Störung ungleich Schwäche

Eine Trennung der Begriffe Rechenstörung und Rechenschwäche wird in der kinder- und jugendpsychiatrischen Praxis vorgenommen, deren Stellungnahme auch für die Beantragung außerschulischer Hilfen notwendig ist. Dazu sind neben einer Befragung zur Entwicklung, zum Verhalten und zur Schullaufbahn des Kindes vor allem ein standardisierter Rechentest und ein allgemeiner Intelligenztest nötig. Ein großer Unterschied zwischen der allgemeinen intellektuellen Begabung und dem Versagen im Rechnen deutet auf eine Rechenstörung hin. Ist der Unterschied gering, wird eher eine Rechenschwäche angenommen.

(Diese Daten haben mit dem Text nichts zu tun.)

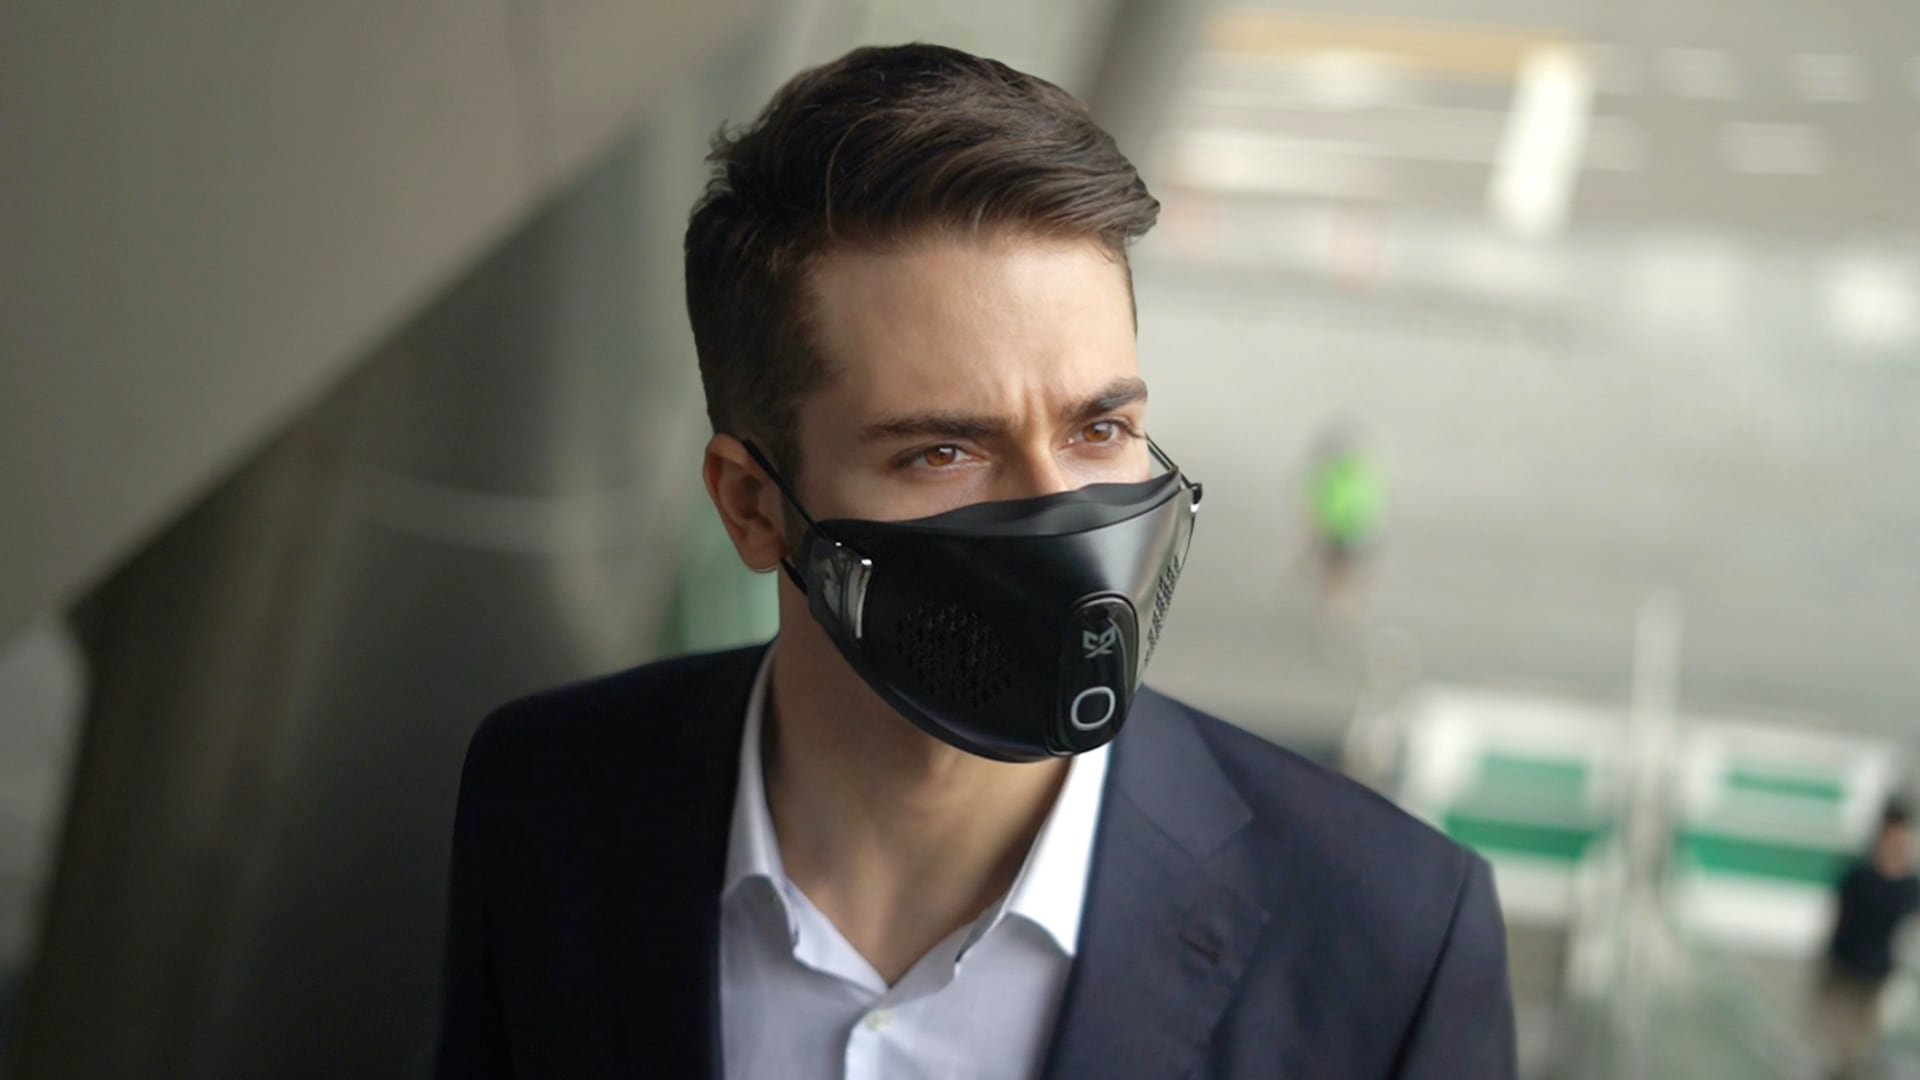 CX9 customizable smart mask filters bacteria out of the air you breathe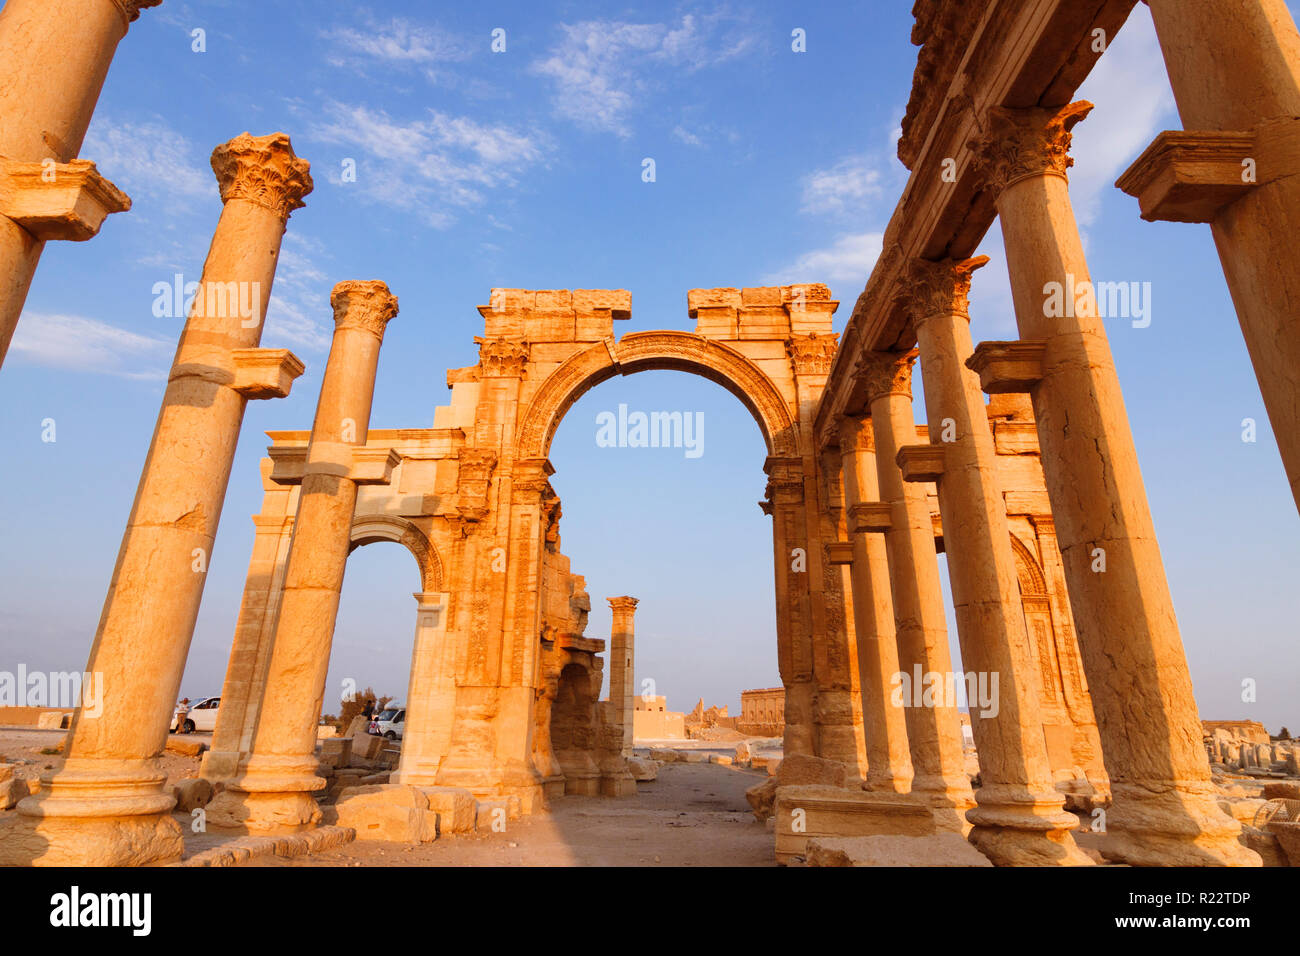 Palmyra, Homs Governorate, Syria - May 26th, 2009 : Great colonnade and 3rd  century Monumental Arch of Triumph of Palmyra, a Roman ornamental archway  Stock Photo - Alamy

Eine Rechenstörung liegt außerdem nur vor, wenn die Rechenprobleme nicht allein auf eine allgemeine Lernstörung, eine neurologische Erkrankung, eine Hör- oder Sehminderung, unqualifizierten Unterricht oder Schulversäumnis zurückzuführen sind.

Was aber hilft?

Üben mit den Eltern hilft Kindern mit Dyskalkulie in der Regel nicht weiter. Zudem könnte dadurch die Eltern-Kind-Beziehung belastet werden. In Schulen fehlt es meistens an Kapazitäten und Qualifikationen, um Kinder mit Dyskalkulie ausreichend zu unterstützen. Qualifizierte Lerntherapeuten dagegen können auf die individuellen Besonderheiten einer Rechenstörung eingehen und den Kindern spielerisch wichtige mathematische Kompetenzen vermitteln. Da die Bezeichnung Lerntherapeut nicht geschützt ist, sollten Eltern die Qualifikationen der Anbieter erfragen.

Durch gezielte Therapie und Förderung können betroffene Kinder wichtige mathematische Fähigkeiten für die Schule und den Alltag erlernen und oftmals emotionale Störungen verhindert werden. Des Weiteren sind Förderung sowie Nachteilsausgleiche und Notenschutz in der Schule sinnvoll, sofern dies das Schulsystem des Bundeslandes und die jeweilige Schule erlauben.